JPS63180154A - Semiconductor memory of page address system - Google Patents

Abstract

PURPOSE:To select a desired address system by selecting a lower rank bit of a page address or a higher rank bit of an address in a page by a selection signal and inputting the selected bit to a prescribed bit of an address decoder. CONSTITUTION:When a page number switch signal 11 is equal to 1, an AND gate 6A transmits the output 14 of a latch circuit 5. Thus the signal 14 is inputted to an input terminal A4 of a column address decoder 4 via an OR gate 6C and decoded there. Therefore a page of a memory matrix 1 is designated by a page address of 2 bits which is inputted to the circuit 5 via a data bus. Thus the matrix 1 has 4(=2<2>) pages. While an AND gate 6B masks the output 12 of a column address buffer 2C. Thus the column address inputted to a decoder 4 is limited to only the signals supplied to a terminal A3. Then the intra-page capacity is equal to (2<3>X2=16). When the signal 11 is equal to 0, the signal 14 is masked by a gate 6A and the output 12 is inputted to the terminal A4 via both gates 6B and 6C and decoded there.
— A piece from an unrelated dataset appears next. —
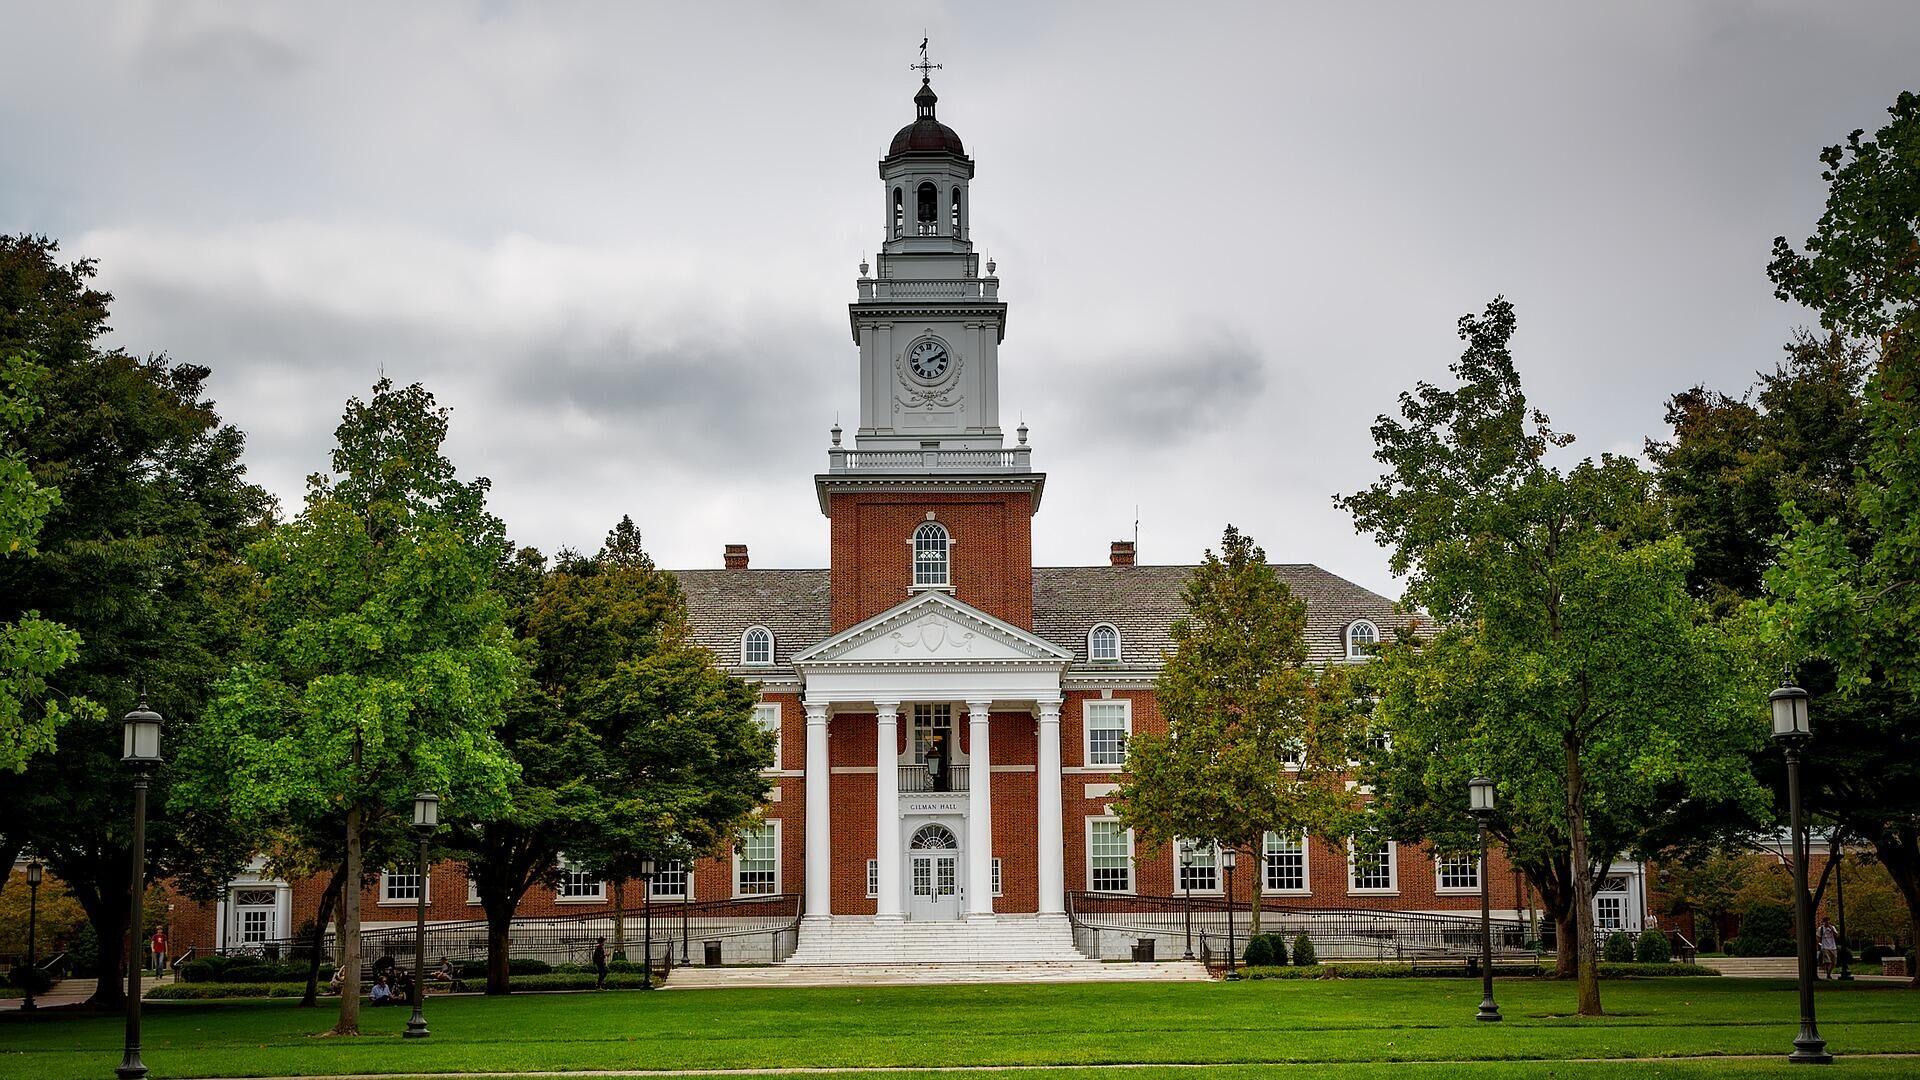 Johns Hopkins University - SNA, 1920, 15.07.2021

As a result, the number of pages are cut down in half together with double capacity.

Description

DETAILED DESCRIPTION OF THE INVENTION [Field of Industrial Application] The present invention relates to a semiconductor memory device, and particularly to a page address type semiconductor memory device.

[Conventional technology]

Generally, the page address method uses CP without any external parts.
It is used to manage a memory space larger than the address space of U.

FIG. 6 is a block diagram of a conventional example of a page address type semiconductor memory device, and FIG. 7 is a diagram illustrating the allocation of 10 pages of a memory matrix in the conventional example of FIG. 6.

This memory matrix 1 has addresses O to 63, addresses O to 15, addresses 16 to 31, addresses 32 to 47,
48~631! The addresses are 1 page, 2 pages, 3 pages, and 4 pages, respectively, and the 6-bit address Ao
, A1. ..., A5 is given. The row address of this memory matrix 1 consists of the lower three bits Ao, A1 .
A2, and the column address is the upper 3 bits A3
．． A4. 2 bits of A5 A4. A, 5 is the page address (equal to the page number minus 1), 1 bit A3
is given as a column address within the page.

The case of reading data from this semiconductor storage device will be explained. First, out buffer 8 is output enable signal @
OE puts it in a high impedance state. After this,
A page address is output onto data bus 10 and latched by latch circuit 5 in response to write signal W-E. on the other hand,
An address is output onto the address bus 9, the lower 3 bits are taken into the row address buffer 2R, and the higher 1 bit is taken into the column address buffer 2C. The row address decoder 3 decodes the row address of the memory matrix 1 from the address of the O address puffer 2R and outputs O selection signals. On the other hand, the column address decoder 4 receives the page address 2 bits from the latch circuit 5 at the input terminal A4.
．． At A5, one bit of the in-page column address is input from the column address buffer 2C to the input terminal A3, decoded, and a column selection signal is output.

As described above, the specified address in the memory matrix 1 is accessed. Note that the column address decoder 4 converts the column addresses A3 to A6 of the memory matrix 1 into upper two bits A4. The operation is exactly the same as that of the row address decoder 3, except that A5 (page address) and the lower 1 bit A3 (intra-page column address) are input separately.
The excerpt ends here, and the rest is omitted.